Rust-specific progress

  • Strand-Rust-Coder-v1 achieved +14% improvement through training on 191K synthetic Rust examples
  • RUG achieves 71.37% code coverage for Rust unit test generation
  • C-to-safe-Rust transpilation: frontier models achieve only 13-15% one-shot success, rising to 32-37% with repair loops
  • Rust’s ownership model, lifetimes, and unsafe boundaries remain difficult for LLMs

Sources:

  • https://huggingface.co/blog/Fortytwo-Network/strand-rust-coder-tech-report
  • https://taesoo.kim/pubs/2025/cheng:rug.pdf
  • https://arxiv.org/html/2504.15254v1

Assembly and low-level code

  • Nova (specialised assembly LLM) outperforms general models on binary decompilation (146.54% improvement)
  • LLM-based assembly optimisation with PPO achieves 1.47x speedup over gcc -O3 — but removing the baseline assembly input causes correctness to collapse to 0.0%
  • LLMs can improve existing low-level code but struggle to generate it from scratch

Sources:

  • https://arxiv.org/html/2311.13721v3
  • https://arxiv.org/html/2505.11480v1

F. Blog Post in Context

The post captured phenomena the field took 6-18 months to formalise:

Blog post observation (Dec 2022) Formal characterisation (2023-2024)
Mixes obsolete and new syntax Training data temporal contamination; deprecated API hallucination
Invents nonexistent features (immediate keyword, asm::immediate, constify!) Factual Knowledge Conflicts > API/Library Knowledge hallucination
Plausible-sounding but fabricated solutions Frankfurt “bullshit” framework; confabulation
“Verbalist” — explains a bogus solution convincingly Stochastic parrot / indifference to truth
Can’t solve from first principles Lack of formal reasoning; pattern matching vs constraint satisfaction
Works on popular patterns, fails on niche Training data frequency bias; long-tail performance degradation

The test case (Rust asm! macro for RISC-V CSR instructions) sits at the exact intersection of properties most likely to produce LLM failure: niche domain, recent API change, hardware-software boundary, formal constraint satisfaction required.

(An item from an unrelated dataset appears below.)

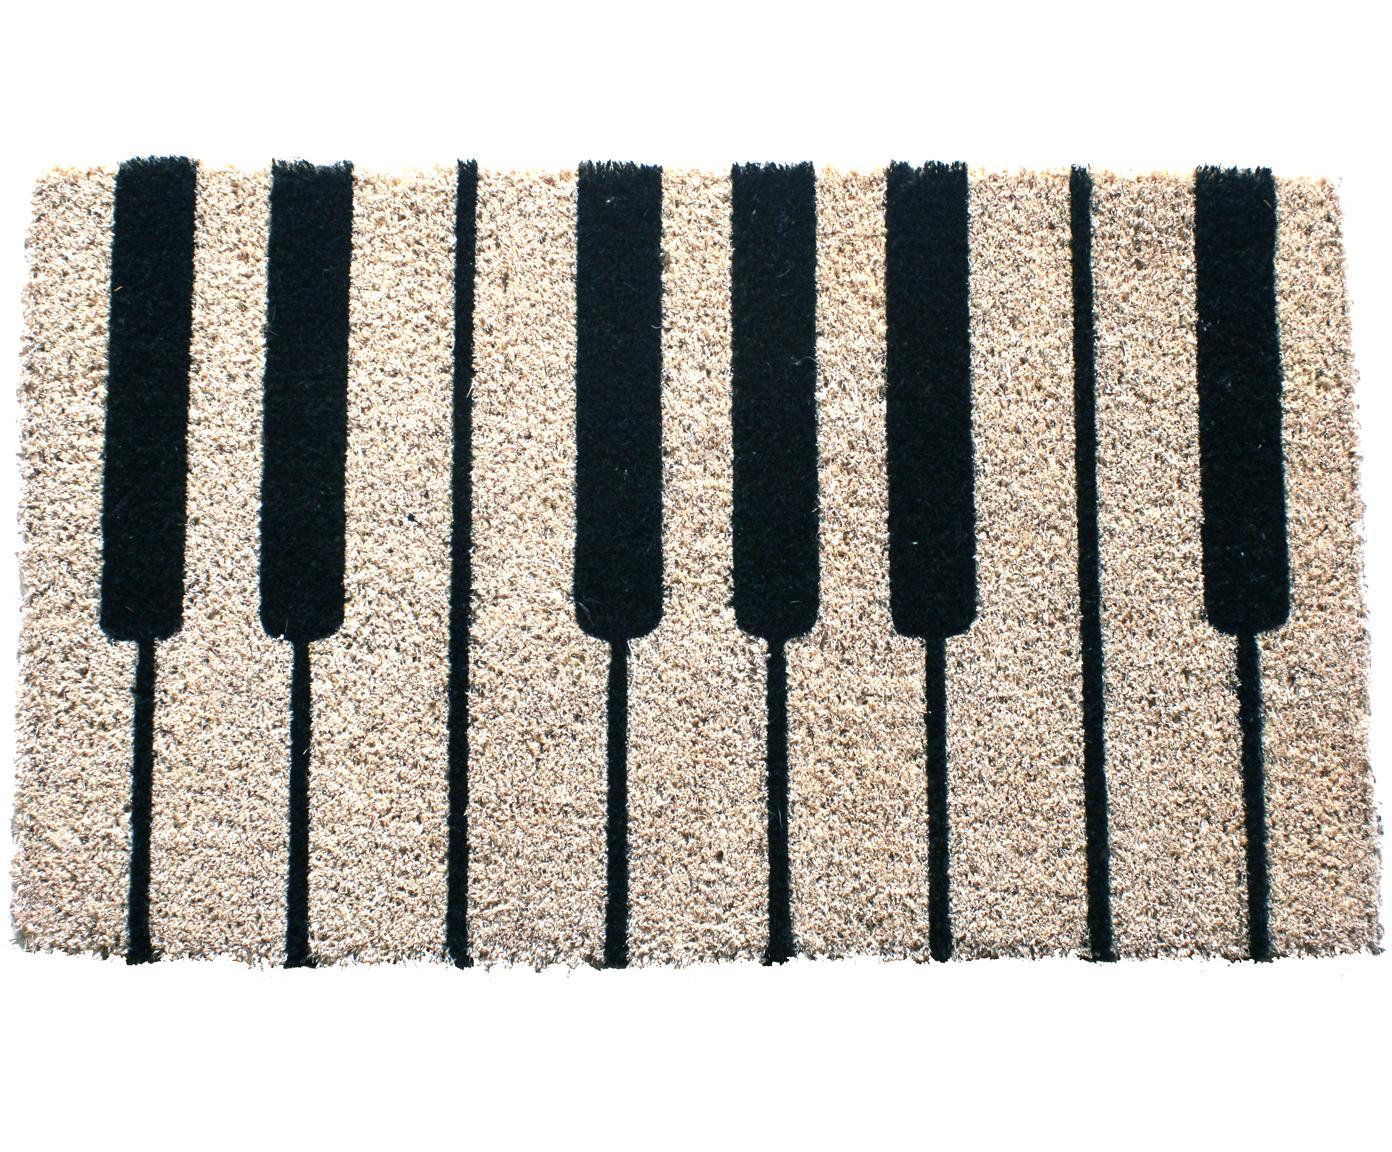 Felpudo Piano, Parte superior: fibras de coco, Reverso: plástico (PVC), Negro, crema, An 40 x L 60 cm

The colour-coded red/green/orange annotation is a manual version of the hallucination taxonomy formalised in 2024.

Summary

The blog post is an early, practically grounded evaluation that independently identified the core failure modes of LLM code generation before the field had vocabulary for them. The “verbalist” framing is a genuine contribution to the discourse. The main gaps are retrospective context: why the training cutoff explains the specific syntax mixing observed, and where ChatGPT does perform well (common patterns in popular languages). These are observations that emerged later, not omissions at the time of writing.